_EXERCISE BRIEF_
When you transcribe the lines below, keep every word the same and leave the pictures behind.
START AVAILABLE DATA
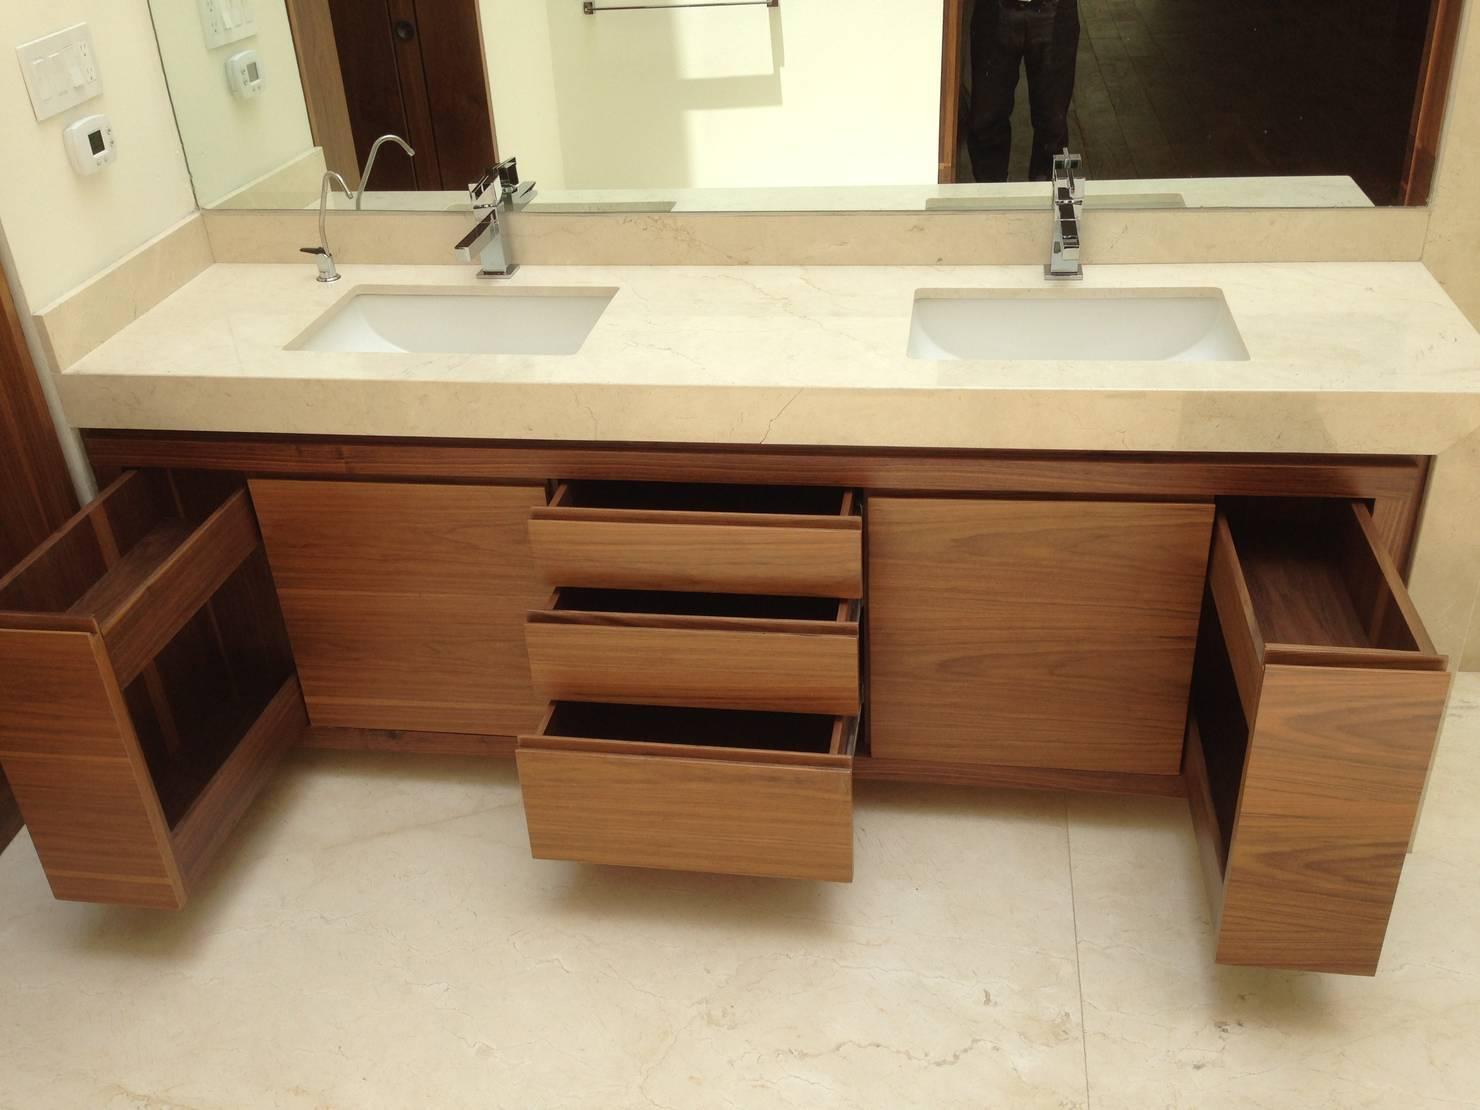 14 ingeniosos muebles de madera que vas a querer tener ya
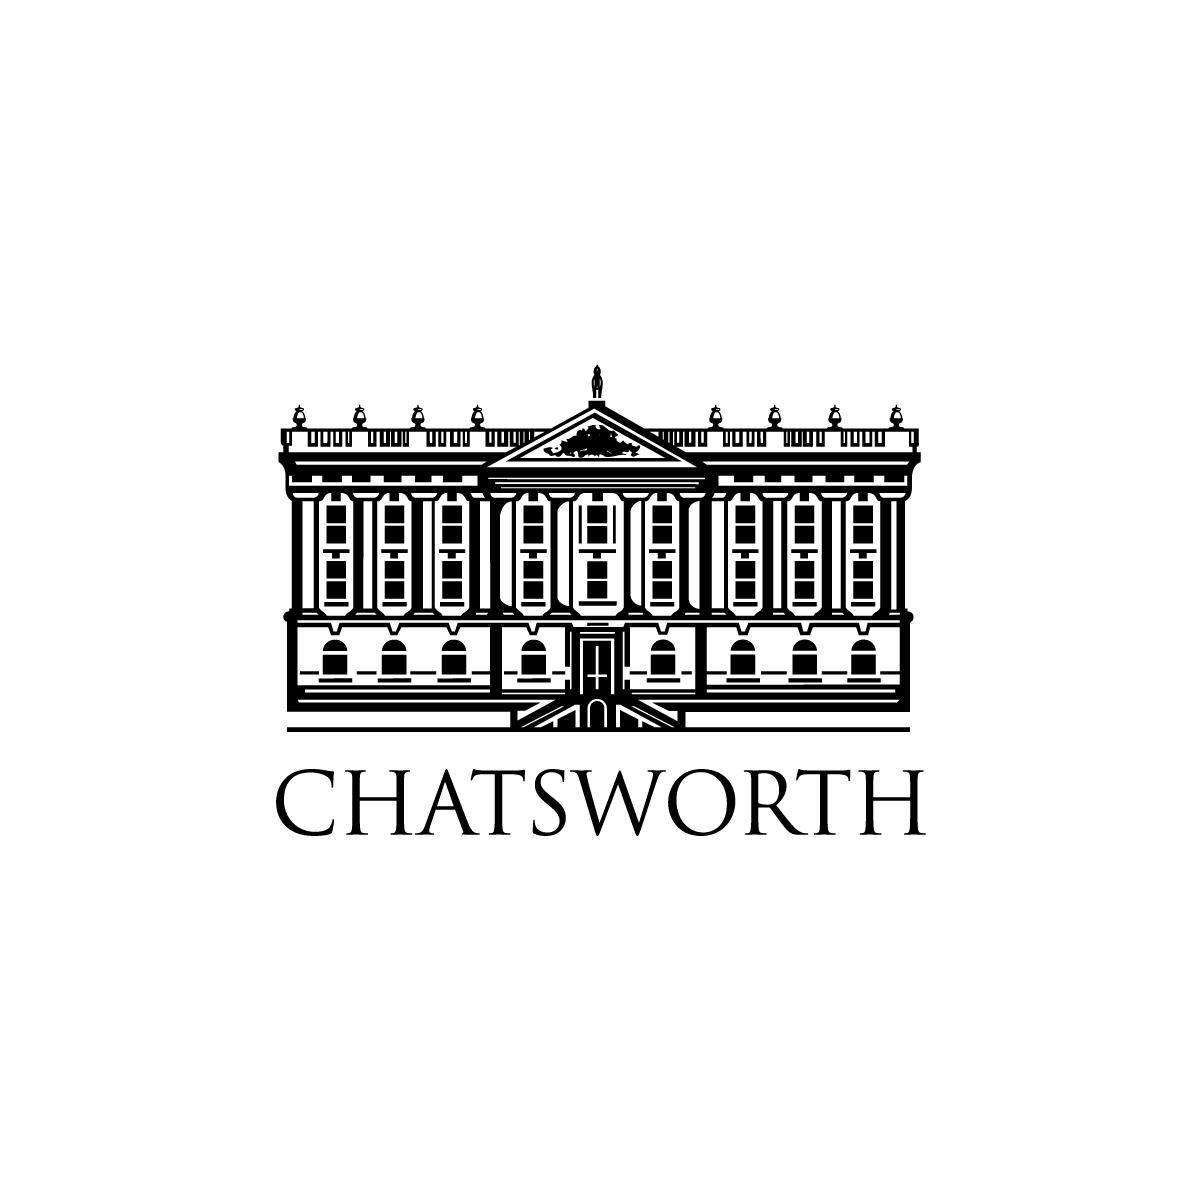 chatsworth-logo.png
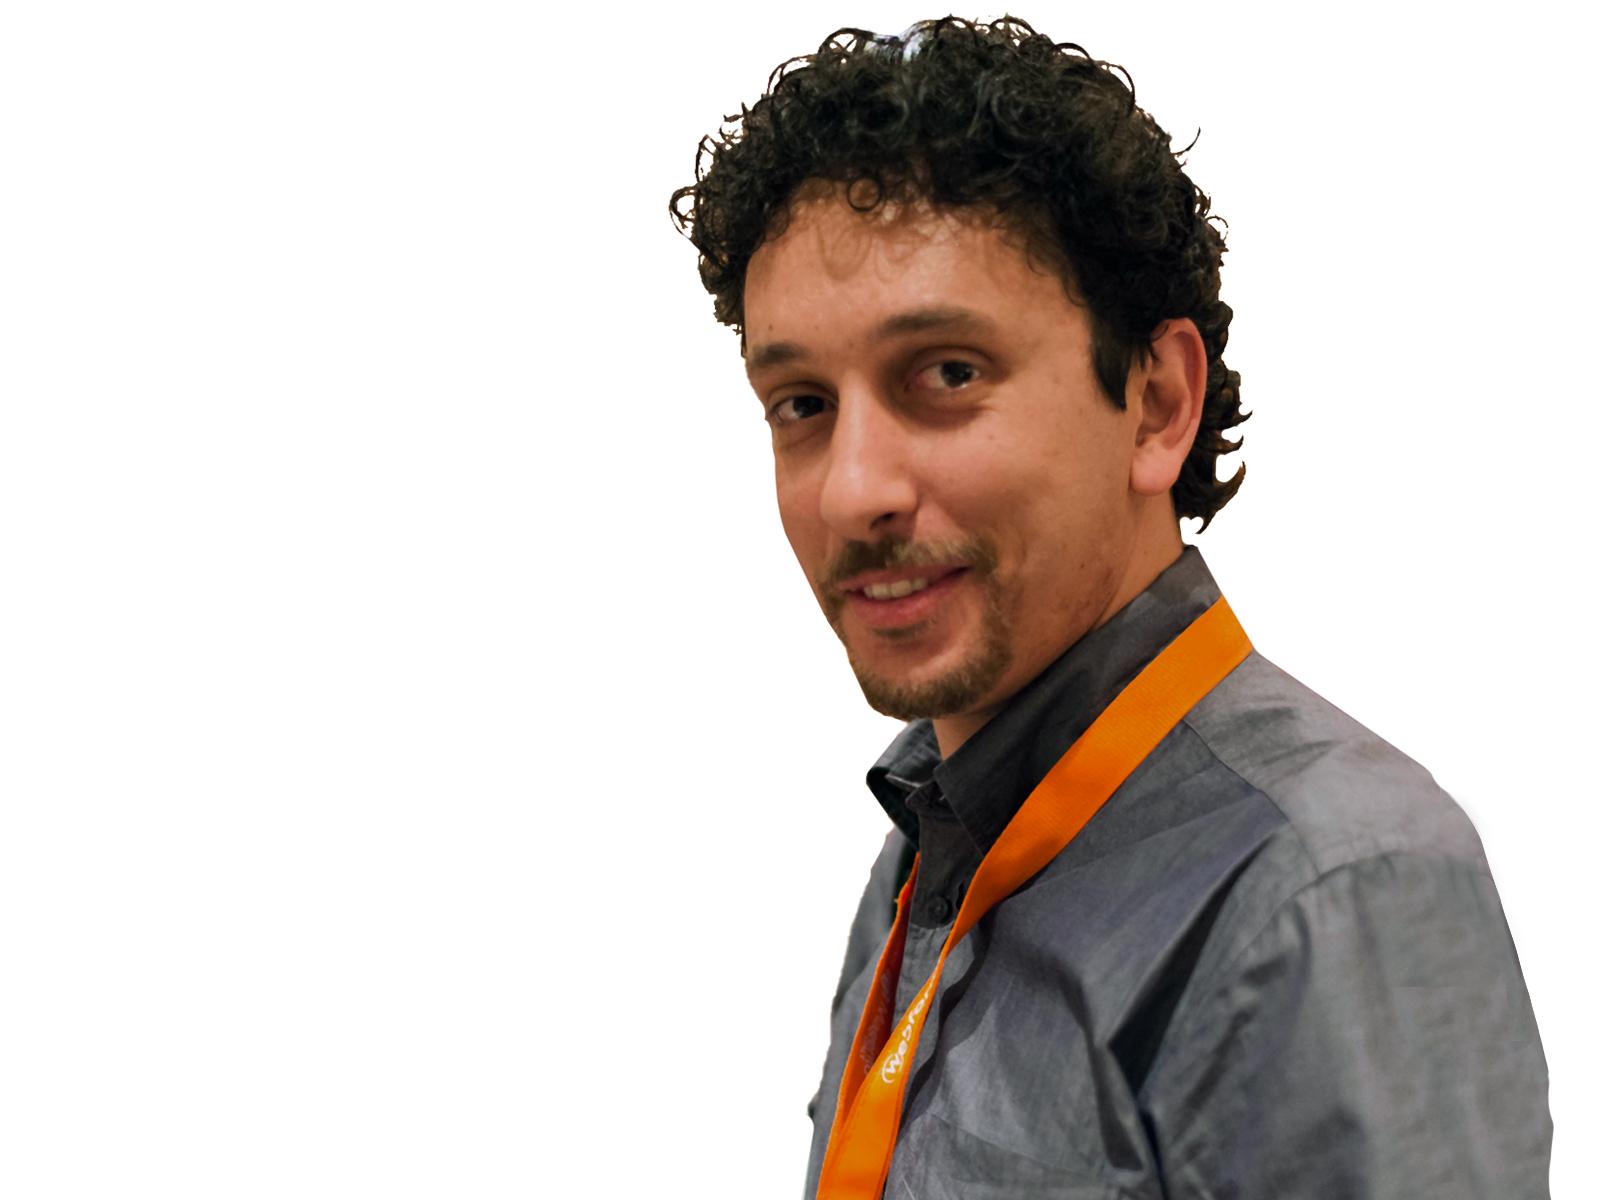 Riccardo Tempesta
END AVAILABLE DATA
_COMPLETED EXERCISE_
 14 ingeniosos muebles de madera que vas a querer tener ya
 chatsworth-logo.png
 Riccardo Tempesta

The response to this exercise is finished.